27. device as claimed in claim 22,

Wherein coding audio data is extendible, and comprises a plurality of extension layers, and

The device (70) that is used for handling this coding audio data is determined quantize block from coding audio data, as first extension layer, and the difference spectrum value of definite low-pass filtering, as second extension layer.

28. device as claimed in claim 22,

The device (70) that wherein is used for handling this coding audio data is determined quantize block from coding audio data, as first extension layer; Determine to be up to the difference spectrum value of first cutoff frequency, as second extension layer, wherein first cutoff frequency is littler than the maximum frequency of the difference spectrum value that can produce in scrambler.

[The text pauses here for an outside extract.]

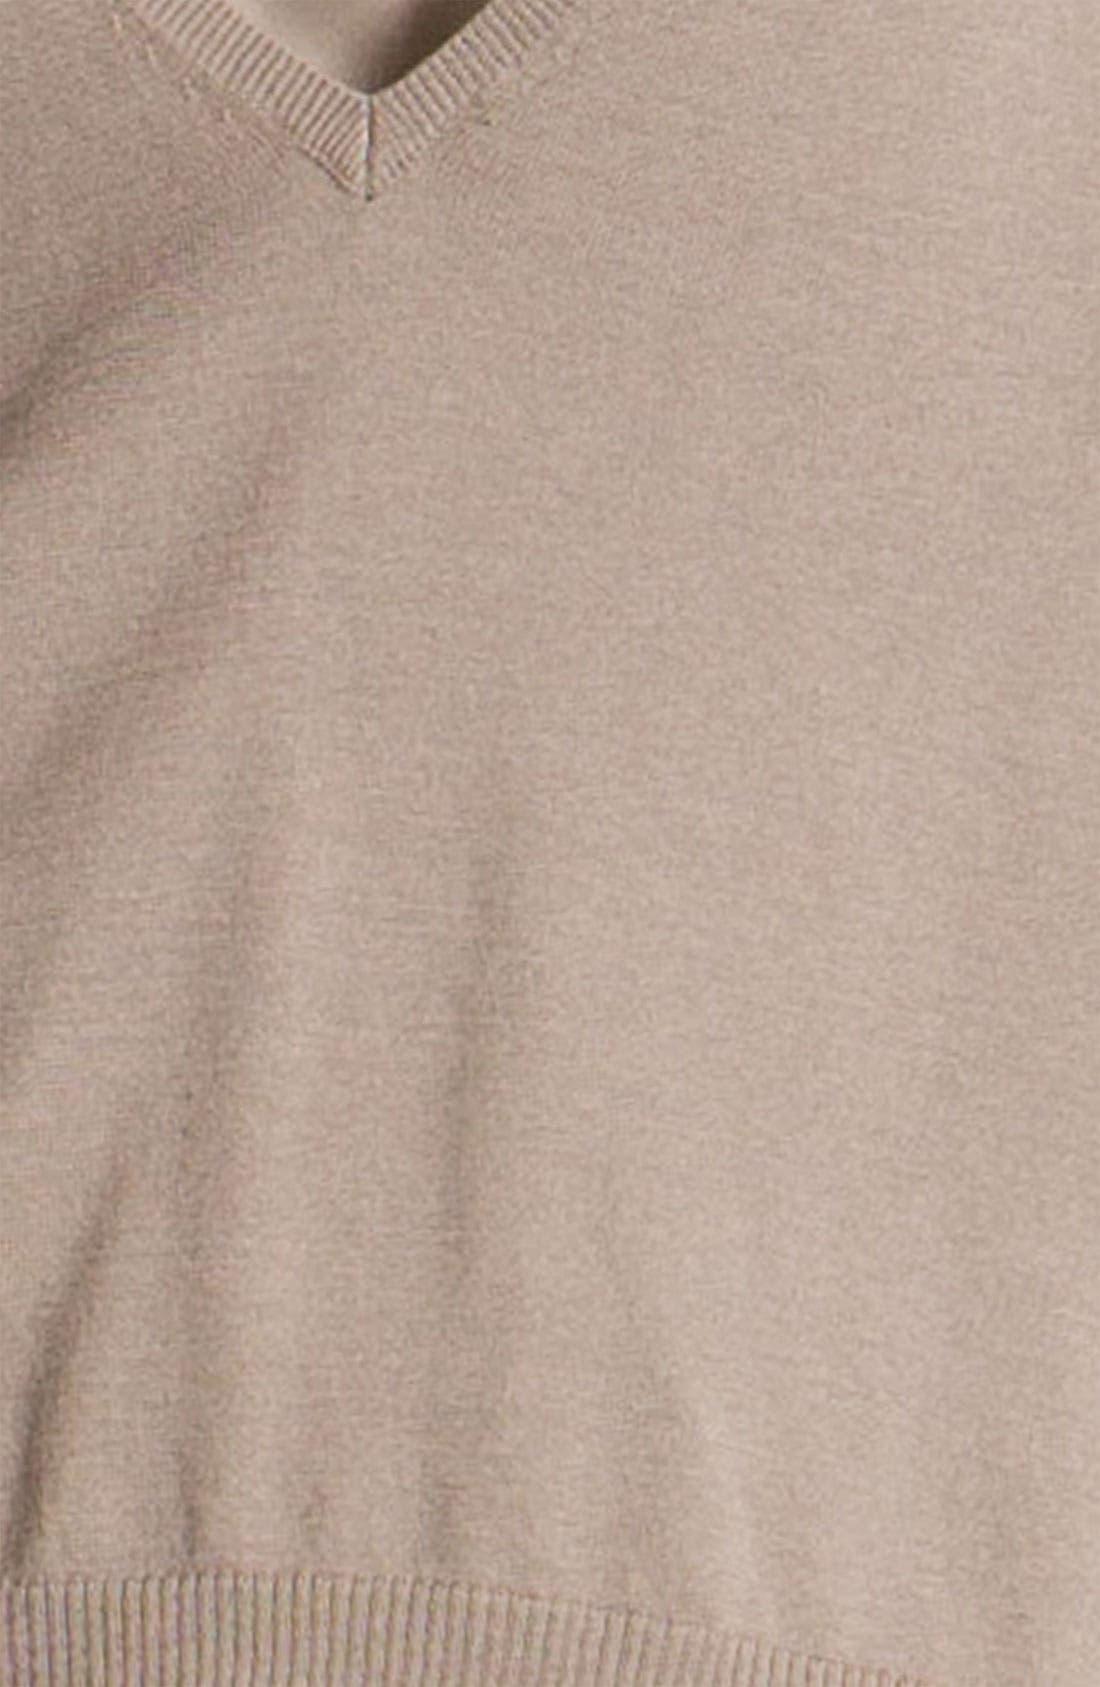 Alternate Image 3  - Weekend Max Mara 'Opale' Sweater & Camisole

29. device as claimed in claim 28,

Wherein be used for the device (82) that the rise time represents the input value of the integer transform algorithm of total length is made as predetermined value, these are worth on the cutoff frequency of second extension layer; And by by corresponding to the maximum frequency of difference spectrum value and the factor selected by the ratio of frequency, just use after the reverse integer transform algorithm, reduce the time representation of discrete tone signal sample time, wherein difference spectrum value maximum frequency can be produced by scrambler.

30. device as claimed in claim 29,

Wherein the predetermined value of all input values on cutoff frequency is zero.

31. to the method that the voice data of having encoded is decoded, the voice data of wherein having encoded by provide, inverse quantization, generation, formation and processing, from time-discrete sound signal, produce, this method comprises:

Handle (70) coding audio data, to obtain a quantize block and a difference block;

Inverse quantization (74) quantize block also rounds, to obtain the quantize block of an integer inverse quantization;

Mode combination (78) this integer quantisation piece and difference block with spectrum value obtains a binding modules; And

Use this binding modules, and the use integer transform algorithm opposite with the integer transform algorithm, the time representation that produces (82) time discrete sound signal.